I need a chunk of the cash for a professional course that I have pay for NOW, and if I miss the deadline, the next session is 2008. Obviously I can sue for loss of earnings which will be way more than these savings, but how will I value the lost year of professional experience that I can't experience until I've completed this course? Maybe I should hope they don't make the 4.45pm Monday deadline we've agreed for sorting this out. I could take a couple of years off to explore the desert regions of the world and ride to Petra on horseback, camp out beneath the stars on the Steppes, go Walkabout or open a small beer shack / tea room / strip joint / bookstore / tattoo parlour on the edge of the Mohave.

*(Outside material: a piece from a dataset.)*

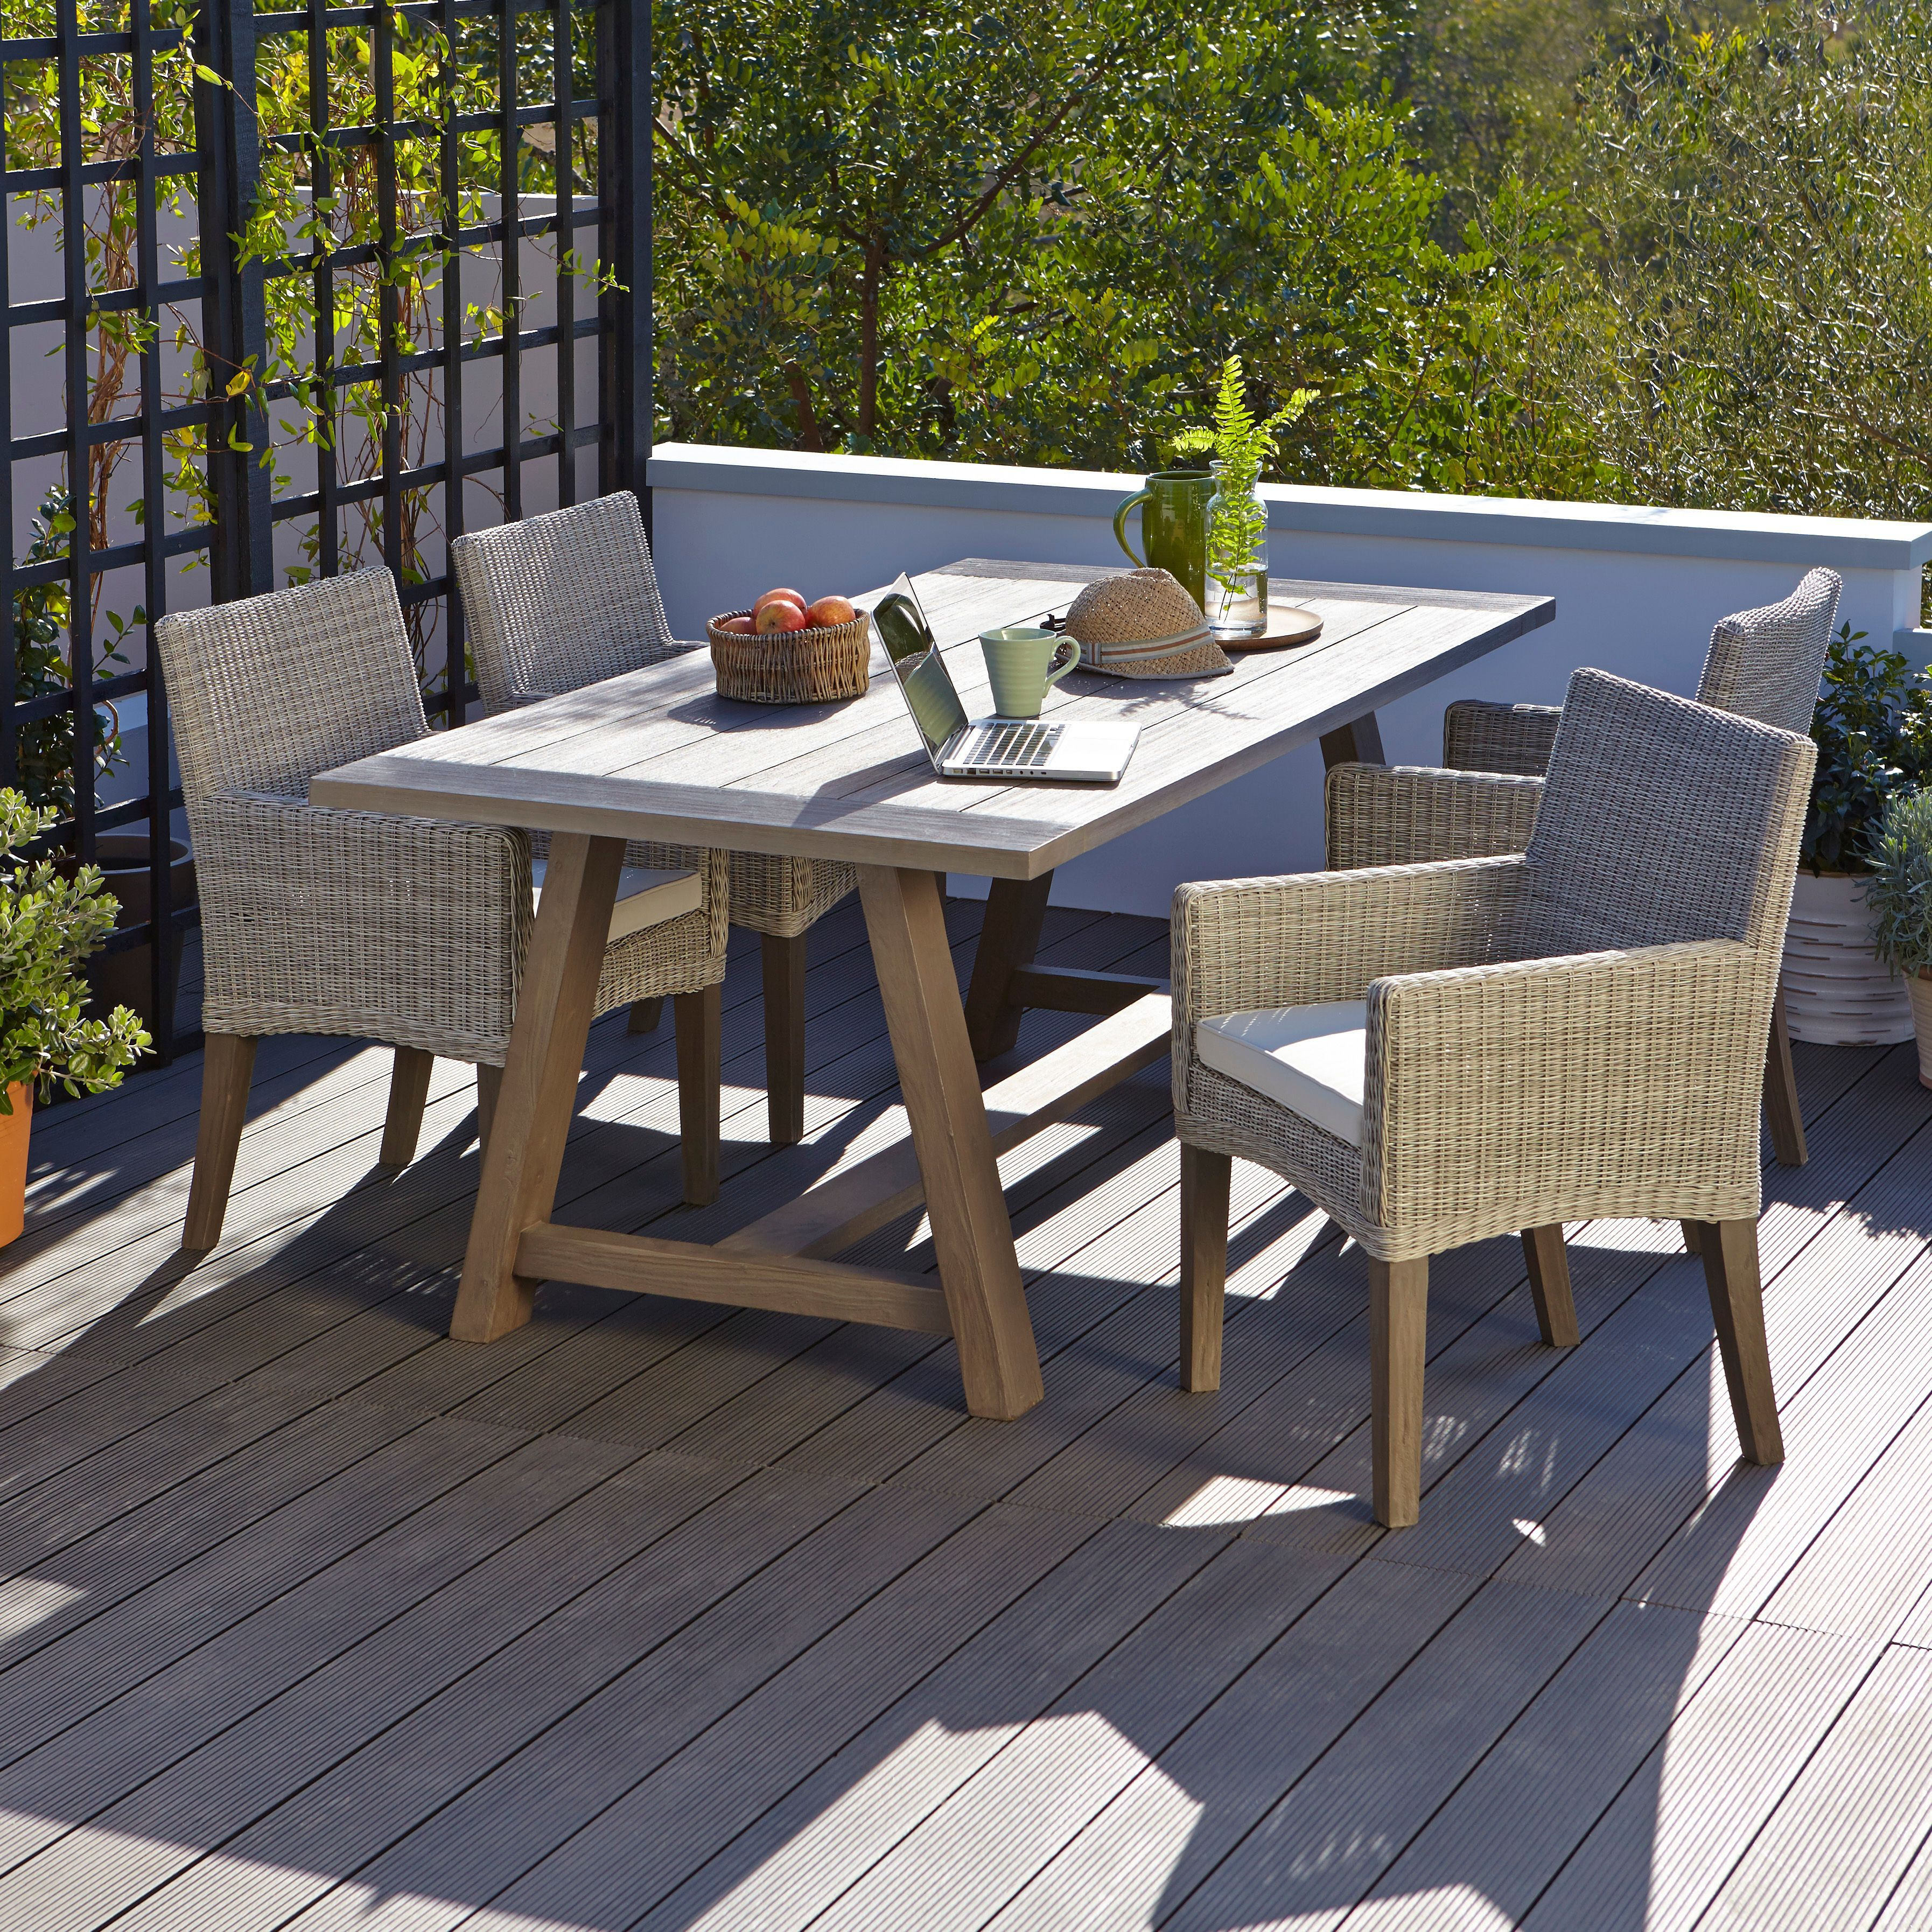 Praslin Seater Garden Dining Set   Departments   DIY at B&Q

Damn their possible efficiency in the nick of time.

6 comments:

Tim F said...

Next time you speak to them, ask how long the compensation - the one they will be paying you for loss of interest - will take to arrive. And, if it takes the same length of time, how much they calculate the compensation for the loss of interest in the delayed payment for loss of interest thanks to the original delay might be. And if they can't calculate that, ask them whether they might be better suited to a less challenging career path, like glass collecting, or sitting in the corner and drooling occasionally.

Anonymous said...

I occasionally post cheques to my bank in England. There is always an interminable (OK, it does terminate eventually) delay before the cheque is credited, which always makes me think it's got lost in the post. I rang to clear up the mystery. Forbidden to speak to someone in my branch, of course, but the call-centre lady did explain that when they get mail at the branch, THEY DON'T OPEN IT, but wait until they have a worth-bothering-with pile and then send that off to their mailing centre, which leaves it festering, presumably, until they can be bothered to deal with it and then, in the case of cheques, presumably send it back to the branch anyway. This doesn't seem like progress. Beware anyone posting cheques to British banks.

Anonymous said...

As you say, Bellulah, in this high-tech 21st century, why in God's name do they still send paper cheques in the post instead of just clicking a few icons? Do they still use quill pens as well?

As Tim says, ask for the missing interest on your gridlocked cheque.

Personally, having seen too much of this bureaucratic, paper-shuffling bollocks, I would have to be dragged screaming to a different bank. When it's finally in its new nest, keep it there and resist all rival blandishments!

Gonçalo Veiga said...

WOW! That really looks as if taken from Kafka's The Process! What the hell?! I've done that twice (changing my money from one bank to another in search of better interest) and I they were pretty fast, after all the trivia question! If it was here in Portugal, you could always ask for the complaints book! IT always works here like magic!

I hope you managed! :) Good luck!

bye bye bellulah said...

Tim, for the fun of it I'm going to do exactly that - once the account is up and running and I've withdrawn the cash and put it under my mattress.

bib, I don't understand why they don't use the money they spend on manning complaints departments on extra processing staff to make things run more smoothly.

Nick, I wonder if management and staff had to sign 5 or 10 year contracts like professional footballers or going into the Army, and got paid minimum wage that was boosted according to customer satisfaction ratings would things run more smoothly?

Goncalo, thanks. For one horrible moment it did cross my mind, 'what would I do if it was genuinely lost rather than delayed in transit'. The branch made a complaint on my behalf, I made one, the supervisor I finally spoke to made one, the Regional Manager for the North of Scotland made one. It was promised that it would all be resolved by 4.45pm yesterday. Was it? Of course not.

Anonymous said...

A complaints book at the bank - what a great idea. Except that British banks would probably charge you for making an entry - at least £250.